Trekking with Tengu on Mt Takao

December 2, 2019

In 2018, I met up with my Dutch friend and Japanese restauranteur Anja in Kamakura and Kyoto, so when she told me she would be available in October 2019, I made plans to go to Mt Takao and Fujinomiya together. We were joined by Dutch cookbook author and Japanese fermentation / pickling expert Peter van Berckel. 


Despite living here almost 4 years, I had never visited Takaosan and enlisted the help of Keio Railways and TENGU English volunteer guides to make sure my friends had the best experience possible on Takaosan. My friends at Keio helped make bookings for Japanese shojin ryori at Yakuo-in, the historic Shingon temple famous for its fire festival.


We met our volunteer guides Shin, Tack, and Nabe at Takaosanguchi station at 08:30 and set out for the brief walk to the cable car station, meeting new friends along the way. Numerous Japanese of all ages strode past us with hiking poles and gear (Takao-san features a number of different trails to get to the top; Trail 1 is paved and wheelchair-accessible, but other trails like Trail 6 pose much more of a hiking adventure).



 Our volunteer guides:


The cable car has the steepest incline in Japan, and it was quite a thrilling ride to the top! The view was spectacular from the cable car station observation decks.

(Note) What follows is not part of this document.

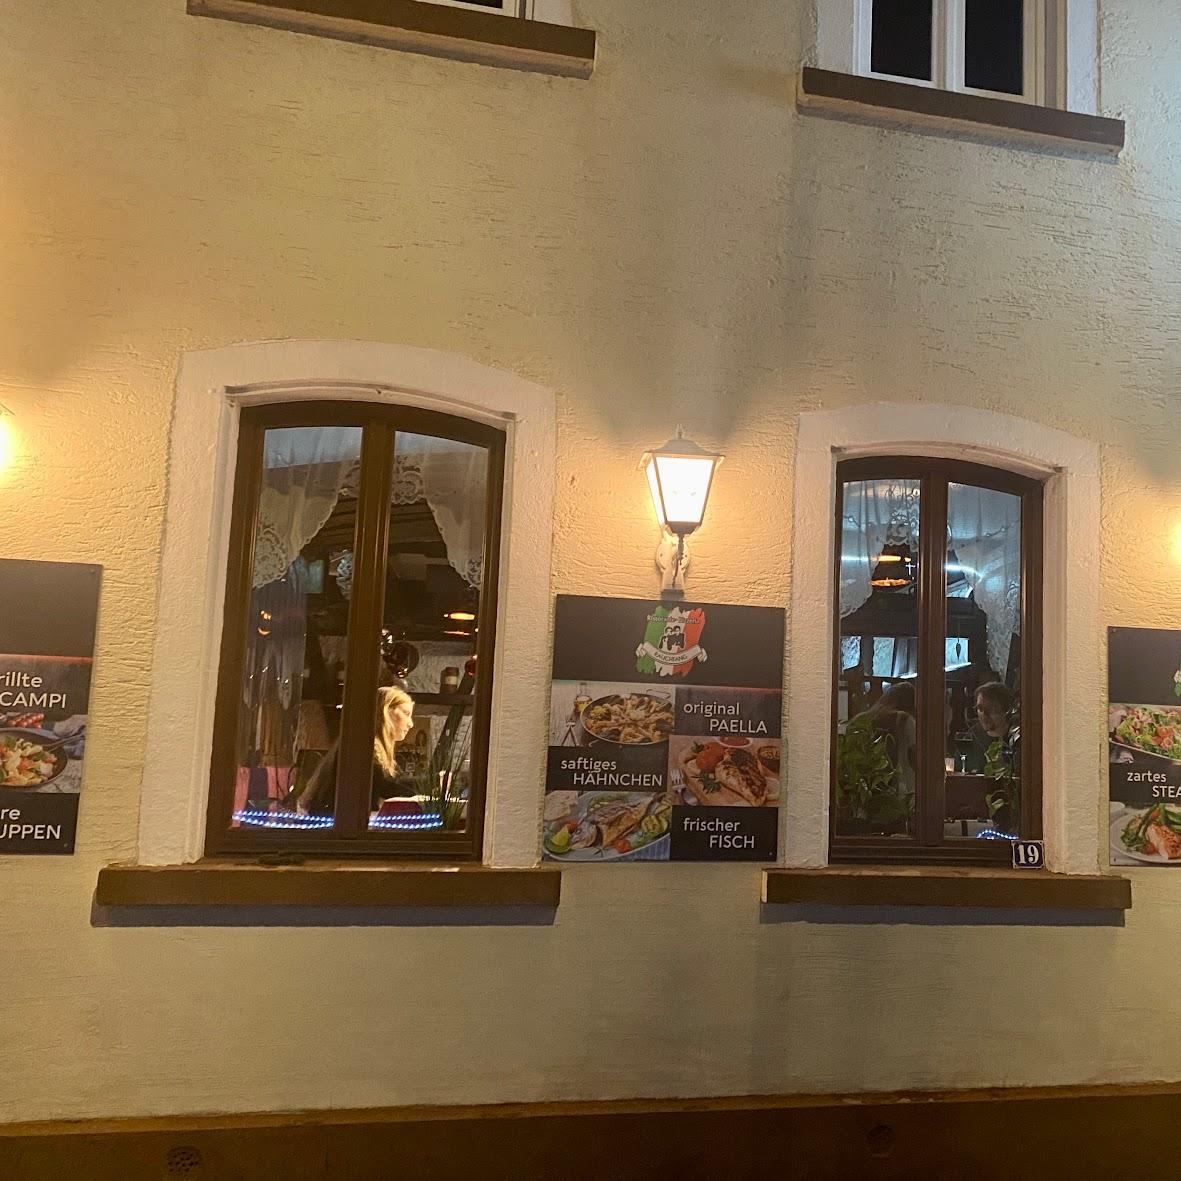 Restaurant "Ristorante Pizzeria - Rauchfang" in Aalen
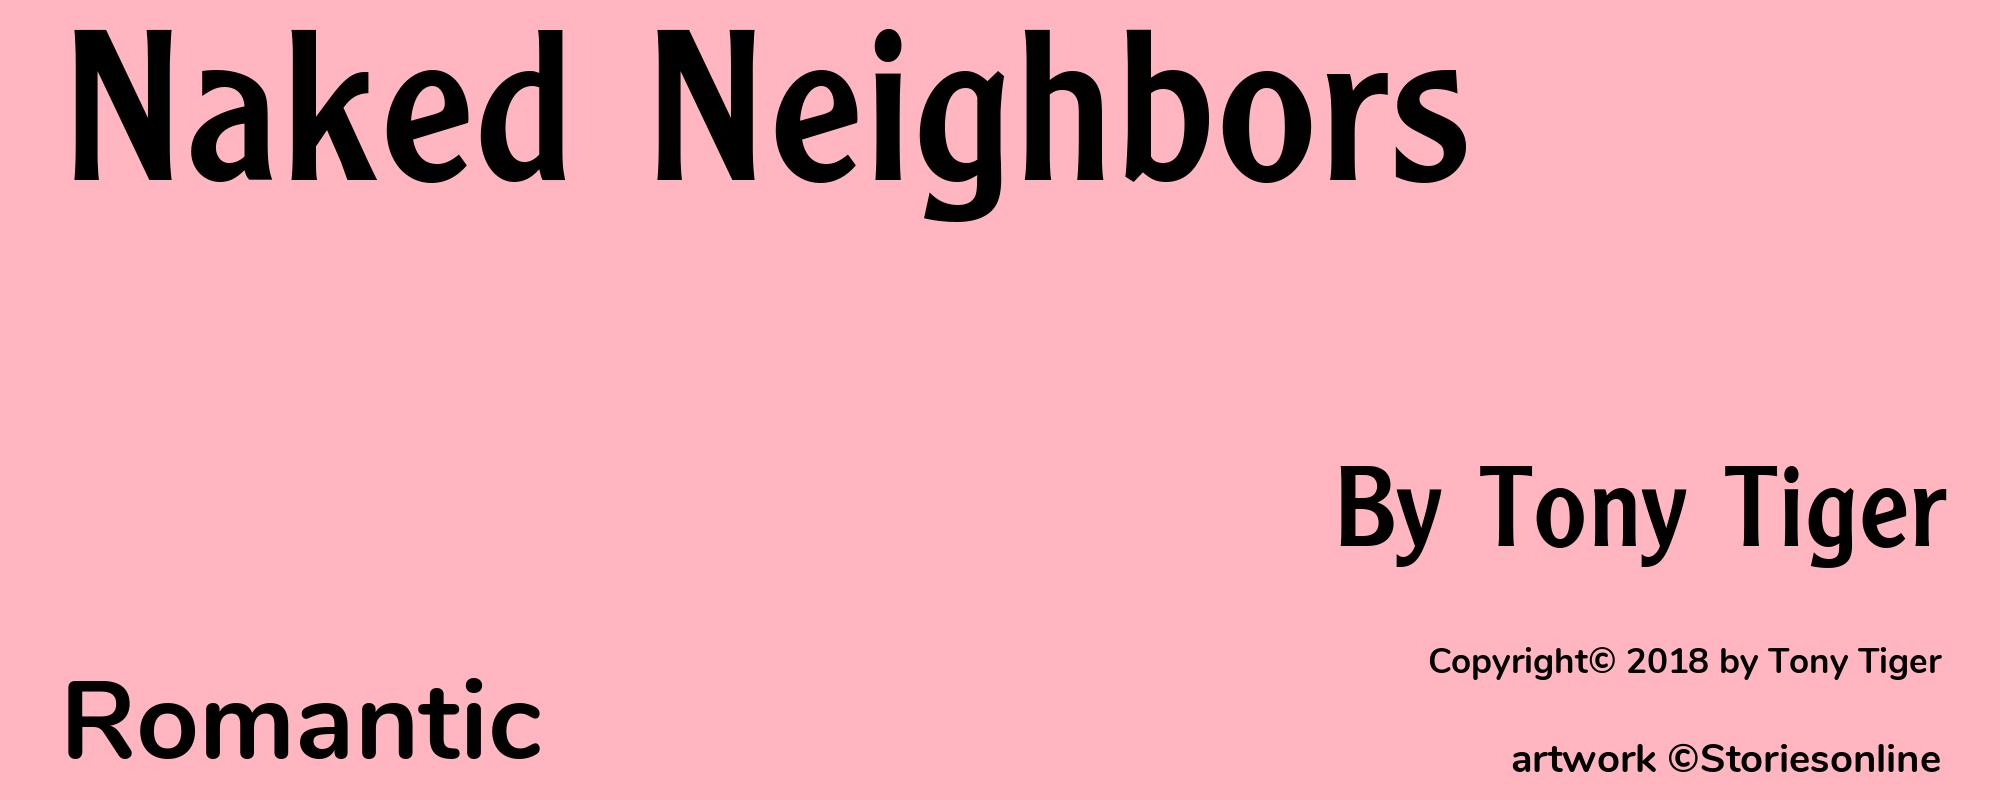 Naked Neighbors - Cover

It was refreshing to breathe in the clean, crisp air so unlike Yokohama or Tokyo.



On our hike, our guides told us about the variety of unique flora and fauna found on Mt Takao, legends, stories, and more. The Tengu statues that you see all over the mountain represent mythical Japanese supernatural beings / Shinto gods that are said to possess magical powers. There are two varieties: Daitengu, and Kotengu ("Lesser tengu"). Tengu are not unique to Mt Takao (you will find them at shrines and temples across Japan, including Kyoto and Daiyuuzan), but they are certainly very prominent here.

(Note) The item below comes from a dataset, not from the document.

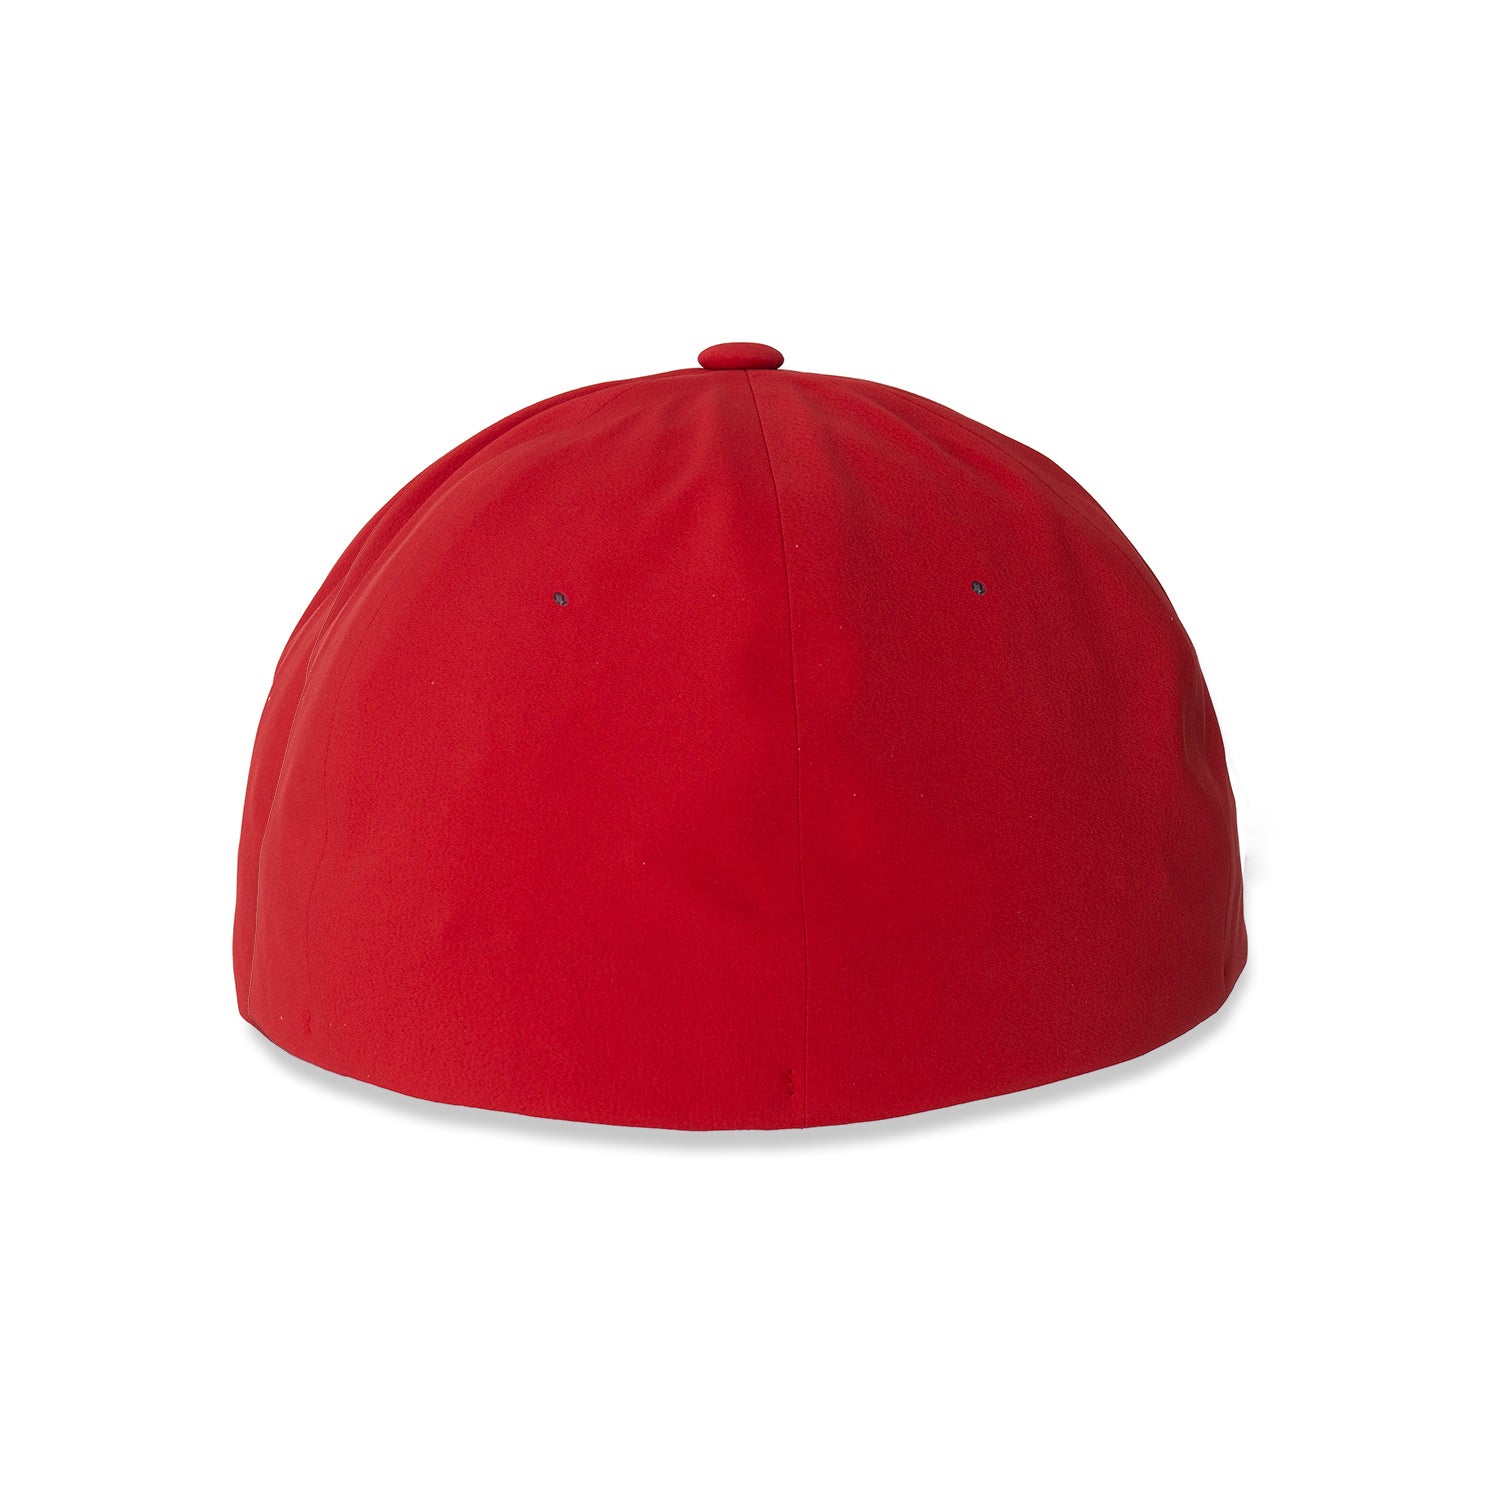 IMSA – Hat Flexfit - IMSA Team Red

We explored Yakuo-in together before our guides dropped us off for an exquisite lunch.




 Giant shoes worn by the tengu


I have eaten (and written about) shojin ryori around Japan, and this was some of the most creative and gorgeous presentation I’ve seen in a decade. We opted for the more expensive shojin lunch, and the beautifully plated dishes included mock liver, sashimi, meatballs, and ham, all completely vegan and all delicious!


The highlight was when one of the temple's priests (who is VERY well-traveled and multilingual!) came and interacted with our group on a very personal level, giving us a private tour of Yakuo-in and an amazing insider’s look at the fire ritual. (His father and grandfather were both priests at Yakuo-in and he is now a head priest at his family’s temple as well). The air crackled with a spiritual, mystical energy in his presence.



We also met one of the representatives from Keio Railways who welcomed us before we took the hair-raising Eco-Lift back down to Takaosanguchi; I have never ridden in a ski lift, but I had at the very least expected a bar or belt for safety. Nope!! It is you and a very open bench as you sway and stare down hundreds of feet to the valley floor (I had my doubts that the netting below would actually catch anyone in the event of a fall…) Thrilling in a sort of “my life is in my hands” sort of way…. We had a good laugh about it after.


We also stopped into the Takao 599 Museum, which is free and has done a tremendous job at promoting local flora and fauna for visitors through hands-on exhibits, dioramas, and taxidermy animals. There are also exhibits (in Japanese) about various hardwoods and crafts. The café and gift shop were very well thought out as well.




 Takaosan is home to giant flying squirrels!


Next, we headed out on the bullet train for Fujinomiya. After checking in to our hotel, we headed down the street to a friendly Izakaya, where we conveniently met a Swedish woman living in Fujinomiya who translated for us. Perched in a cozy back booth surrounded by locals, my friends had beautiful sashimi and I snacked on various vegetables and salads (of course topped off with Japanese beer and whiskey…)


It was a very memorable and fun day with new and old friends!